I would continue offering information including access to Web sites, books, and multimedia sources. If possible, I will spend extra time with the patient to help them reinforce their decision and offer psychological support.
Other ways to address resistance to change include asking the patients family members and close friends to participate in their treatment plan. If the patient has children, the children can volunteer information about how they feel about their parent smoking. The children can offer anything from “I dont like the way it smells” to “Im worry about mommy dying.”
Friends who have stopped smoking can be among the greatest sources of psychological and social support during this critical time in the treatment plan. A friend who can be there not just to provide advice but also as a role model is an invaluable asset. Moreover, friends who have stopped will not tempt the patient by smoking in front of them.
Patients with spouses, family members, or friends who still smoke will have more difficulties than patients who do not. Therefore, I would make sure to spend extra attention addressing and reinforcing reasons for quitting. Focusing on reasons to quit will help the patient who is still at the preparation stage (Guide Your Patients to a Smoke-Free Future: The Canadian Council for Tobacco Control, 1999). I may recommend smoking cessation support groups or hypnosis.
The patient who is in the preparation stage and who is ready to move towards the action and maintenance stage of quitting may need to know about the various pharmacological interventions available to them. I am available to provide that information for the patients, as well as provide access to those products and services. For example, the Columbia University College of Dental Medicine outlines the options available for patients who want to quit. Those options include the Nicotine Patch, Nicotine Gum, the Nicotine Lozenge called “Commit,” Nicotine Inhaler, Nicotine Nasal Spray, Sustained Release Buproprion, and Varenicline.
I would need to ask patients about their smoking history and lifestyle habits to best determine which, if any, of these pharmacological interventions are necessary. For example, patients who smoke more than ten cigarettes a day and want to quit are eligible for the Nicotine Patch.
Most of the above listed therapies are beneficial for any patient who smokes less than one pack per day, such as the Nicotine Gum or the Lozenge. Many of these interventions can be used in tandem with others, making it more likely that the patient will rely on the medications rather than return to their smoking habit. Finally, most patients may benefit from interventions like Sustained Release Buproprion and Varenicline. The lecture notes also point out that patients who have expressed a clear quit date are the most likely to benefit from pharmacological interventions that will help them stop for good.
Action and Maintenance
As the Canadian Council for Tobacco Control (1999) points out, it is important to be supportive of patients even if they relapse. After all, smoking cessation often takes years. Many people attempt to stop several times before they actually take their last puff (Canadian Council for Tobacco Control, 1999). I will tell this to my patients, who need support and not admonishment.

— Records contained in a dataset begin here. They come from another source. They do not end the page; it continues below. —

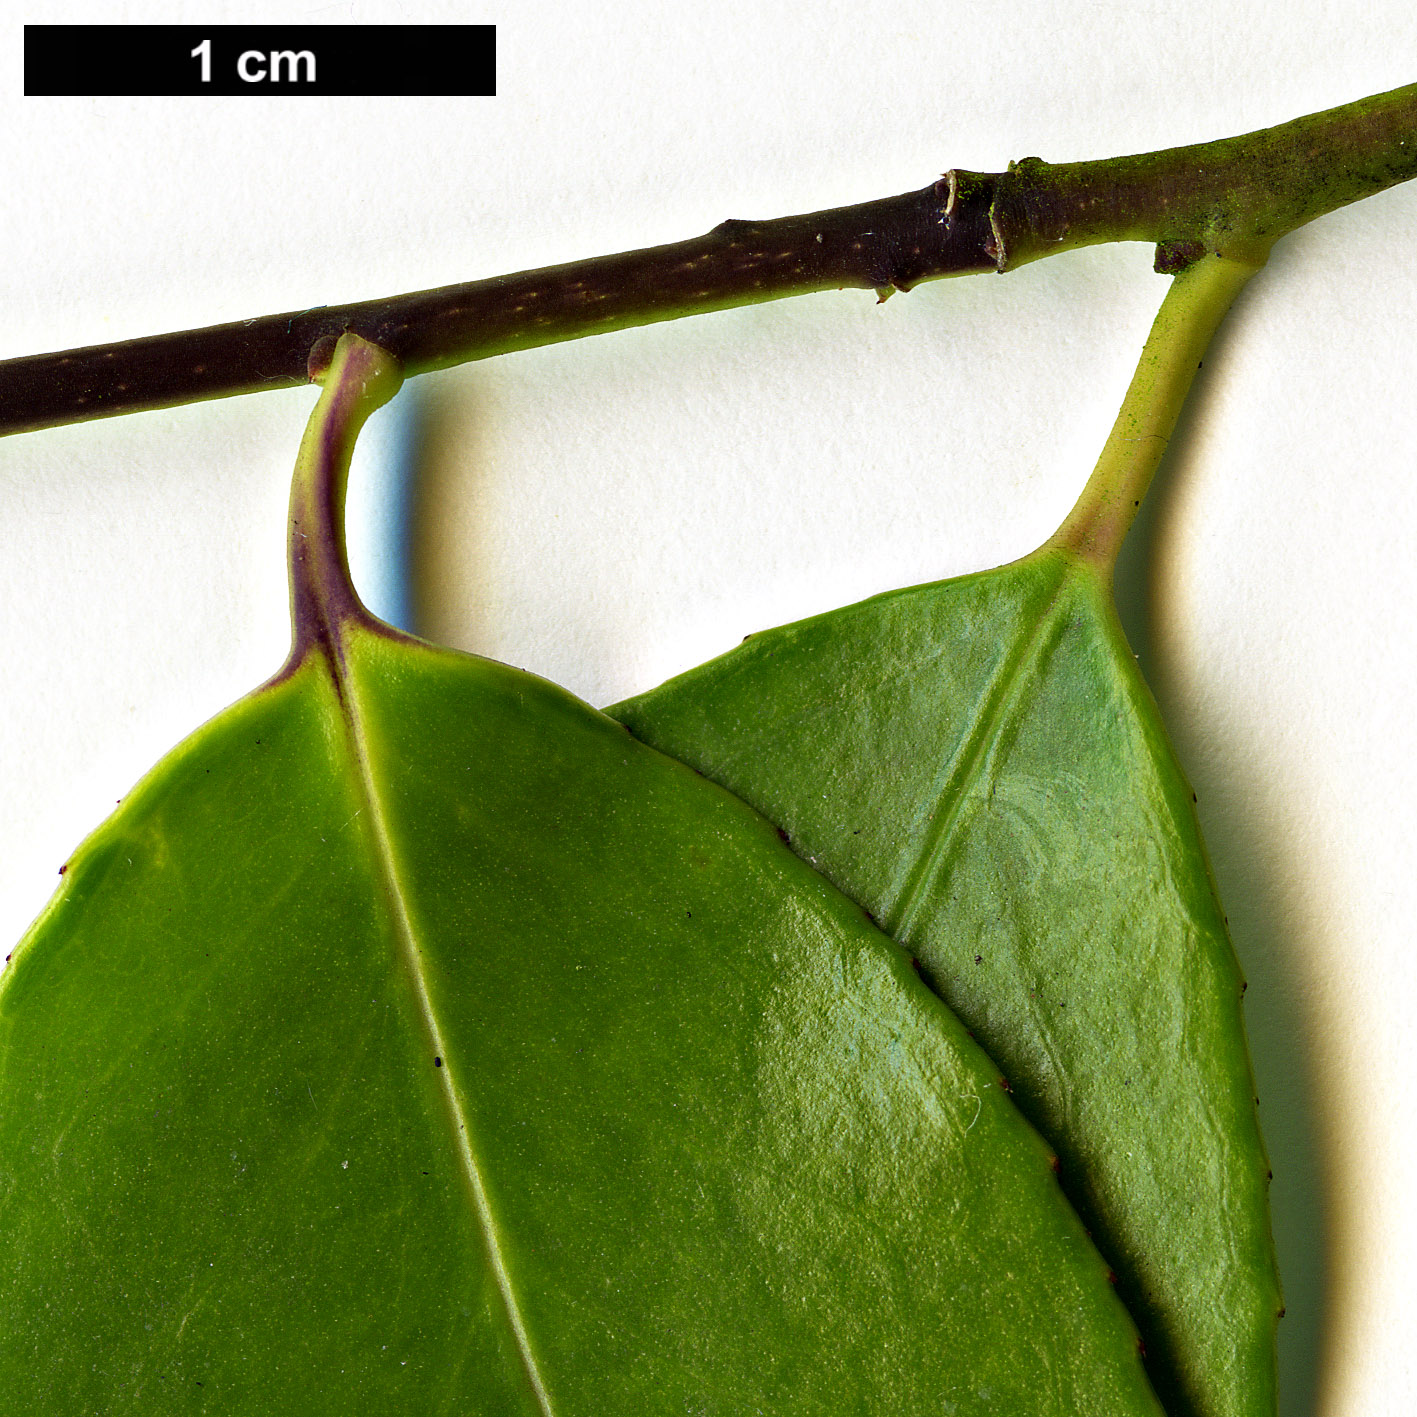 High resolution image: Family: Aquifoliaceae - Genus: Ilex - Taxon: brachyphylla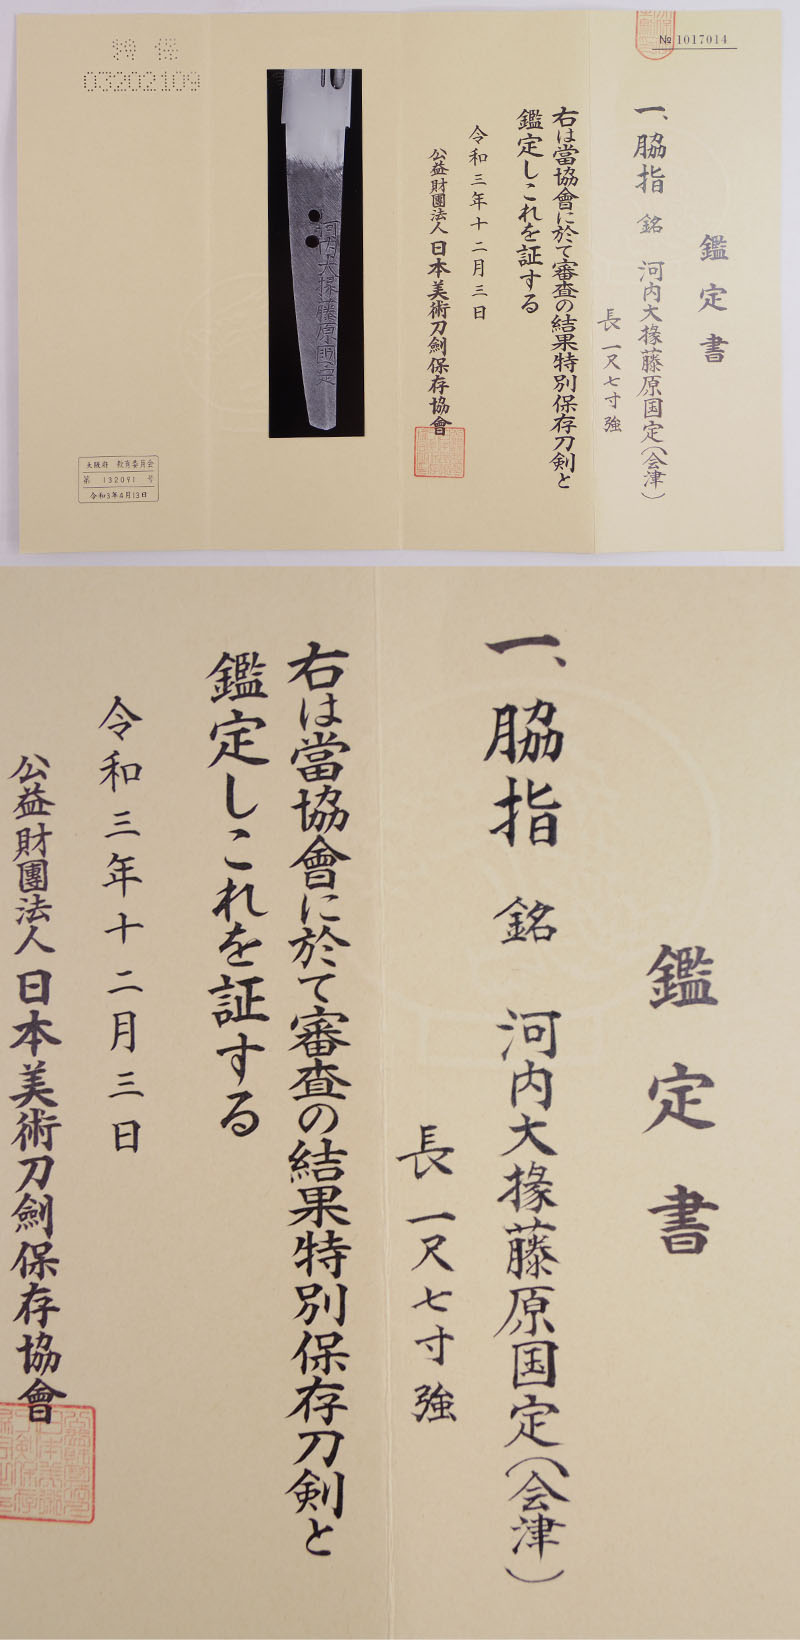 脇差　河内大掾藤原国定(陸奥会津) (業物) Picture of Certificate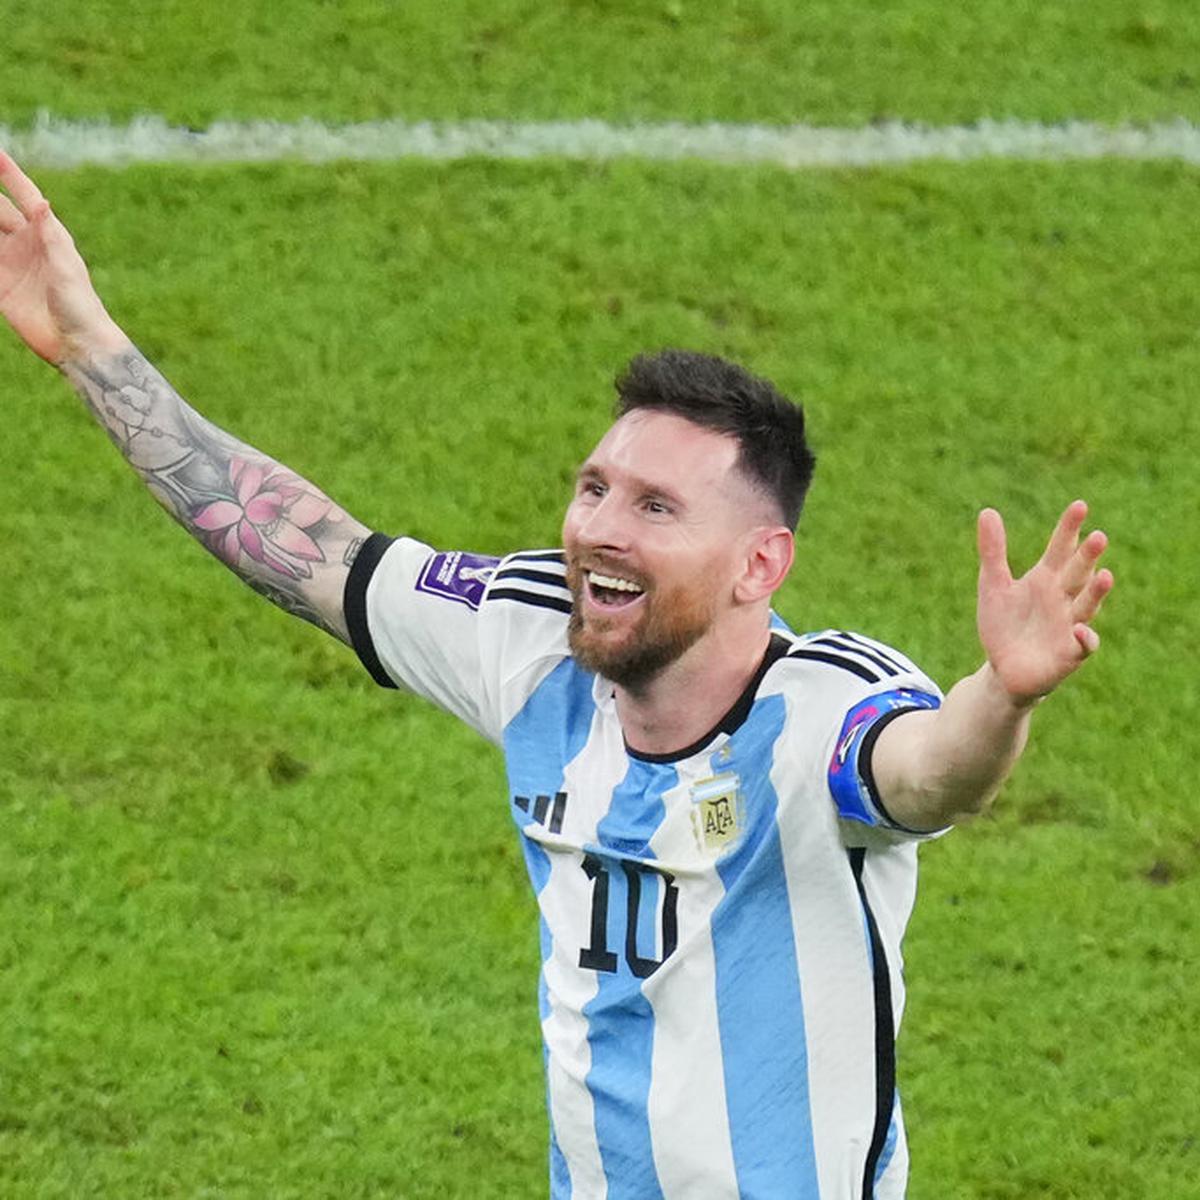 El astronómico precio de la camiseta que usó Messi en el video del anuncio  de su fichaje

However, throughout the treatment process I will be checking in with the patient to ask how they are doing, when they are tempted, and if they are sneaking smokes. I will help them follow through with their drug therapies, and generally be there for them as a follow-up support system.

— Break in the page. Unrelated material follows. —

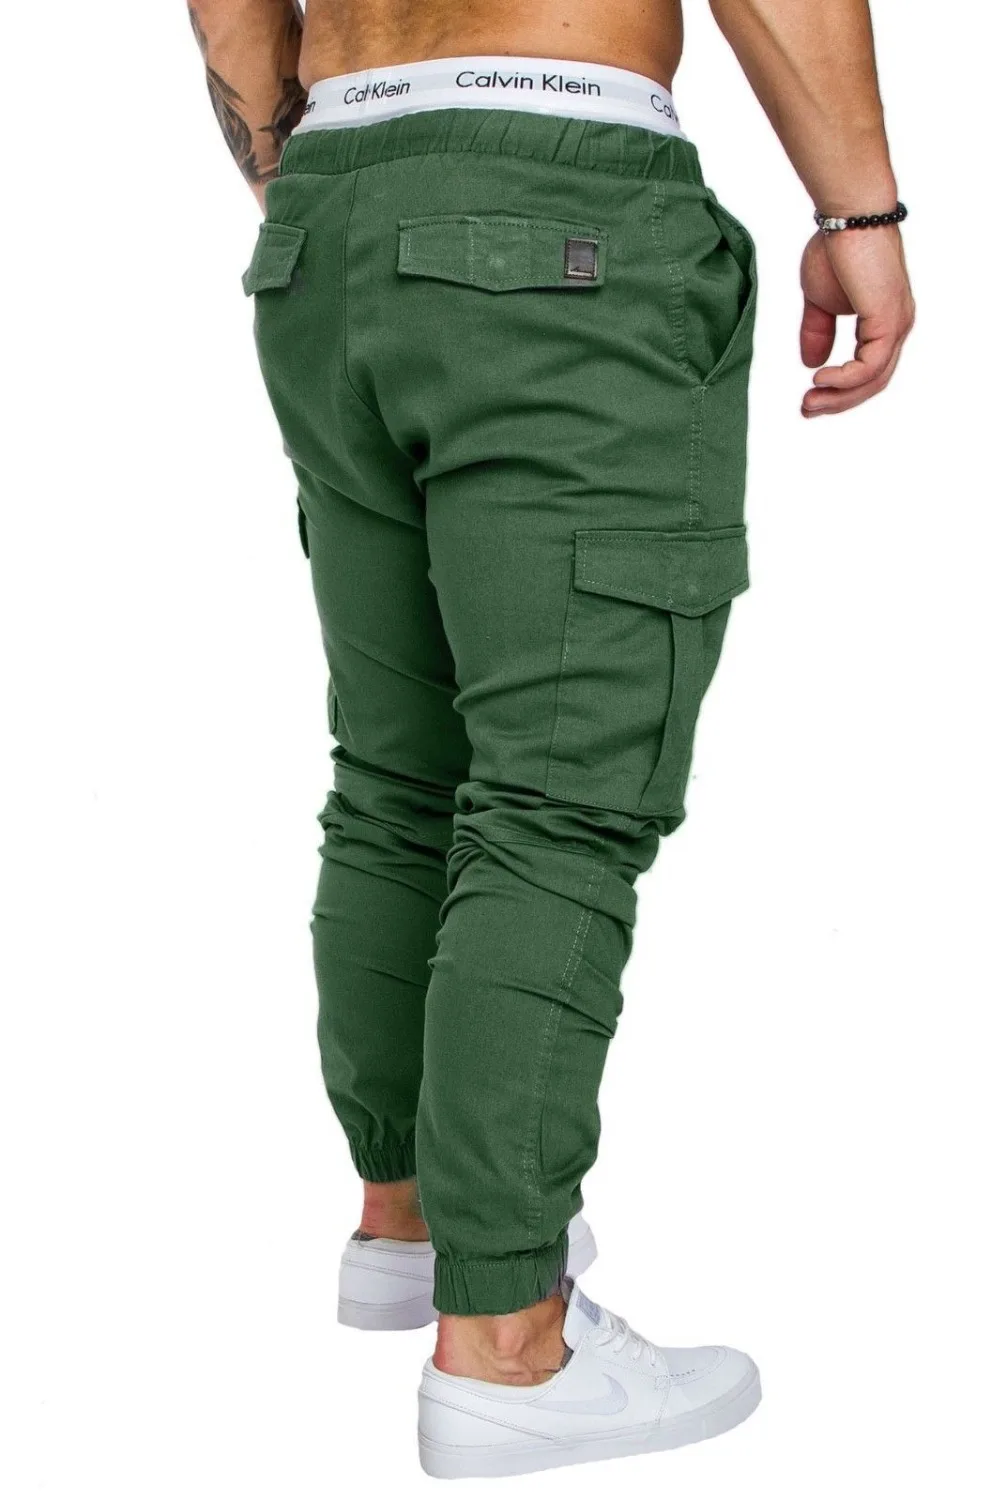 PADEGAO мужская сыпучие перекрестные брюки Хип-Хоп Гарем Бегунов Брюки уличный стиль jogger брюки карандаш карман эластичный пояс мужские

Stopping smoking involves a comprehensive Tobacco Cessation Treatment Plan. The plan begins with observation and simple awareness, helping to ease the patient into the idea of a life without cigarettes. At the early stage of intervention, it is best to suggest but not overtly give the information to the patient ( Canadian Council for Tobacco Control, 1999). However, by the time the patient is actively trying to quit, it is important to offer as much information and access to treatment services as possible. The interventions include both psychological and pharmacological treatments.
The American Cancer Society (2002). Smoking Cessation Products. ACS
The Canadian Council for Tobacco Control (1999). Guide Your Patients to a Smoke-Free Future.
Columbia University College of Dental Medicine. Tobacco Cessation.
Tepper, LM. (1999). The Role of the Dental Profession in Tobacco Cessation. In D. Seidman and L. Covey (Eds), Helping the.